Re: New IndexAM API controlling index vacuum strategies

From: Peter Geoghegan <pg(at)bowt(dot)ie>
To: Masahiko Sawada <sawada(dot)mshk(at)gmail(dot)com>
Cc: PostgreSQL-development <pgsql-hackers(at)postgresql(dot)org>
Subject: Re: New IndexAM API controlling index vacuum strategies
Date: 2021-02-02 04:27:33
Message-ID: CAH2-Wznq5X-HdyTcavFdZLfjbUaP1=CUDUztF5EOd+T5qGrGmg@mail.gmail.com
Views: Raw Message | Whole Thread | Download mbox | Resend email
Thread:
Lists: pgsql-hackers

On Mon, Feb 1, 2021 at 7:17 PM Peter Geoghegan <pg(at)bowt(dot)ie> wrote:
> Here is how the triggering criteria could work: maybe skipping
> accessing all indexes during VACUUM happens when less than 1% or
> 10,000 of the items from the table are to be removed by VACUUM --
> whichever is greater. Of course this is just the first thing I thought
> of. It's a starting point for further discussion.

And now here is the second thing I thought of, which is much better:

Sometimes 1% of the dead tuples in a heap relation will be spread
across 90%+ of the pages. With other workloads 1% of dead tuples might
be highly concentrated, and appear in no more than 1% of all heap
pages. Obviously the distinction between these two cases/workloads
matters a lot. And so the triggering criteria must be quantitative
*and* qualitative. It should not be based on counting dead tuples,
since that alone won't differentiate these two extreme cases - both of
which are probably quite common (in the real world extremes are
actually the normal and common case IME).

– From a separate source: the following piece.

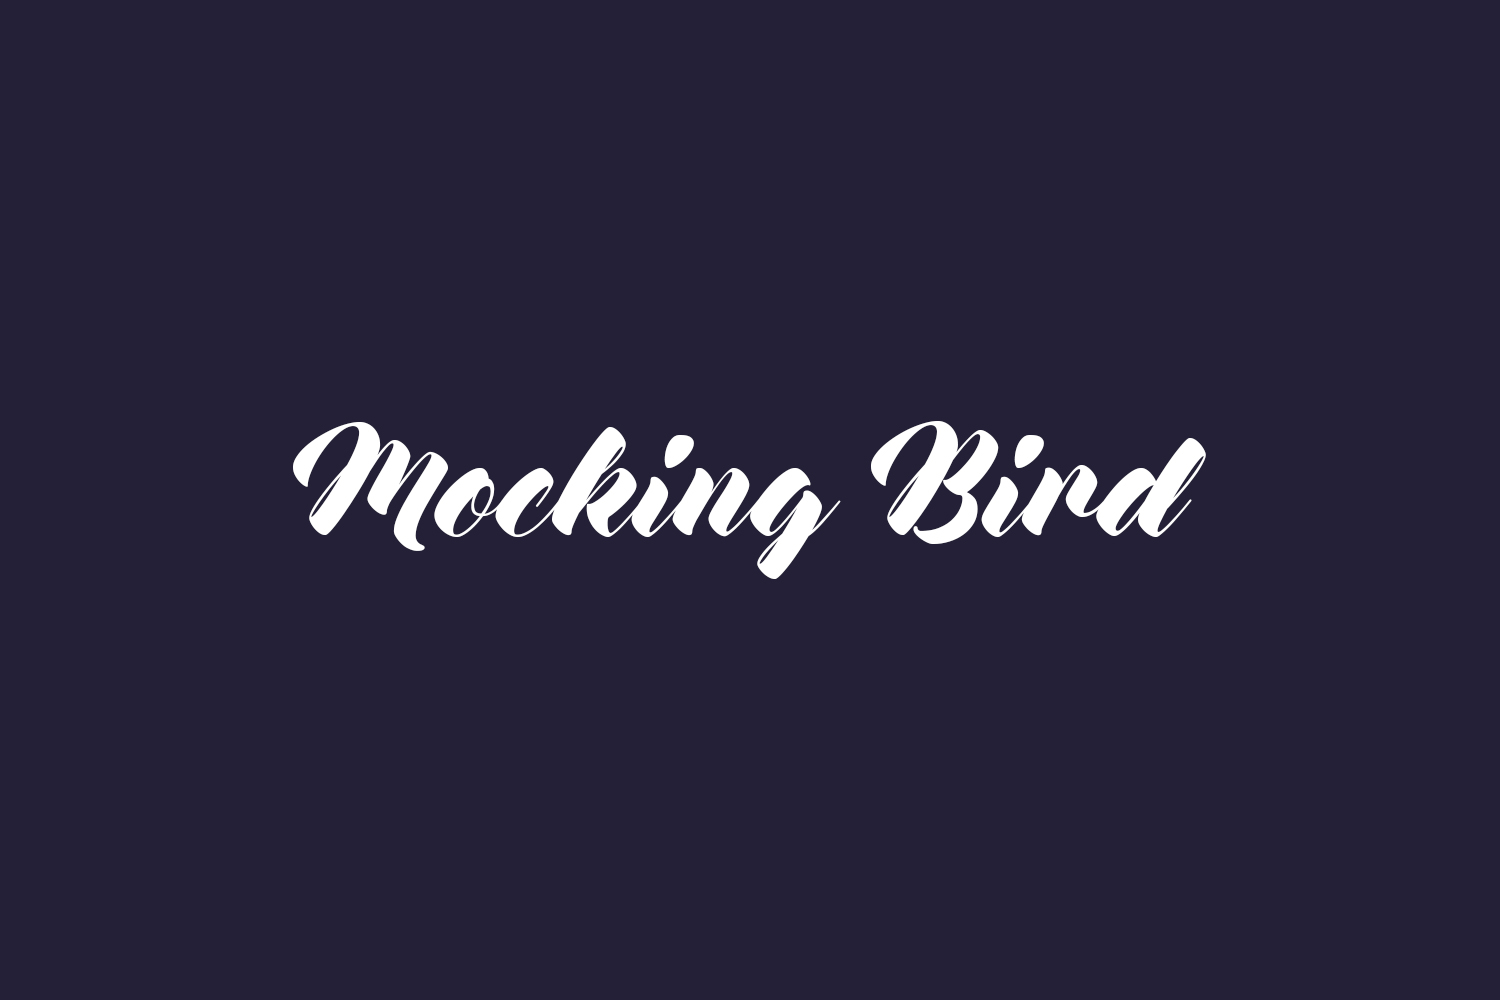 Mocking Bird Free Font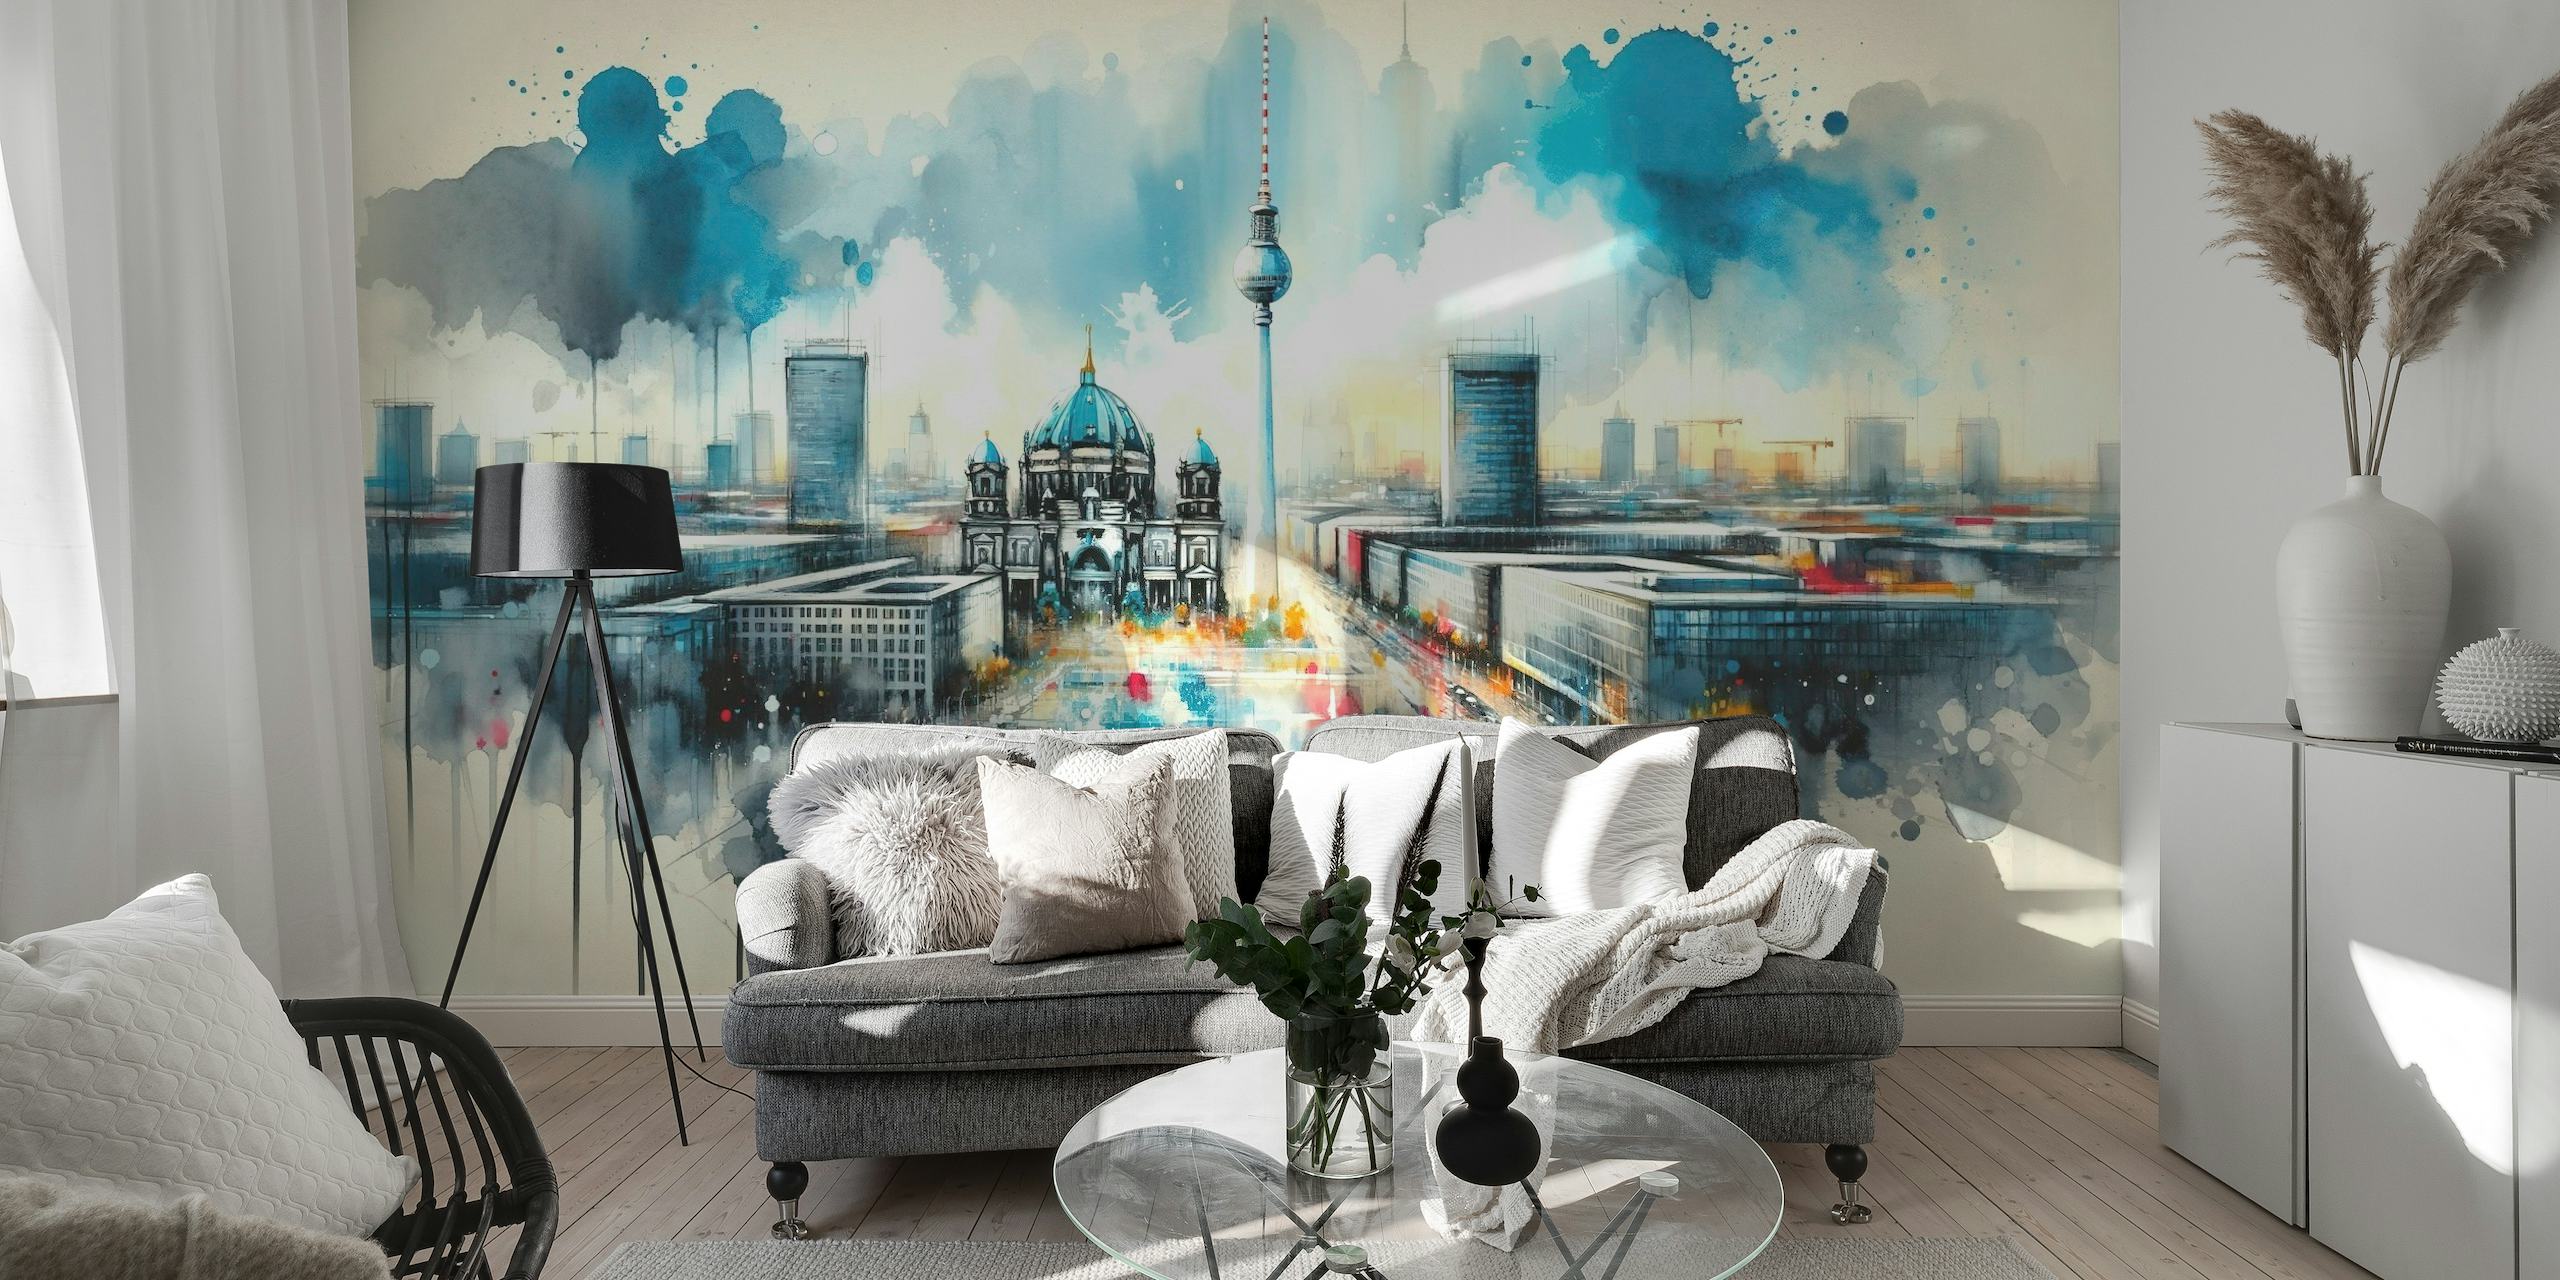 Aquarell-Wandbild der modernen Architektur Berlins mit ikonischen Wahrzeichen und einer dynamischen, künstlerischen Interpretation.

I like the idea of basing it on counting *heap blocks*, not dead
tuples. We can count heap blocks that have *at least* one dead tuple
(of course it doesn't matter how they're dead, whether it was this
VACUUM operation or some earlier opportunistic pruning). Note in
particular that it should not matter if it's a heap block that has
only one LP_DEAD line pointer or a heap page that is near the
MaxHeapTuplesPerPage limit for the page -- we count either type of
page towards the heap-page based limit used to decide if index
vacuuming goes ahead for all indexes during VACUUM.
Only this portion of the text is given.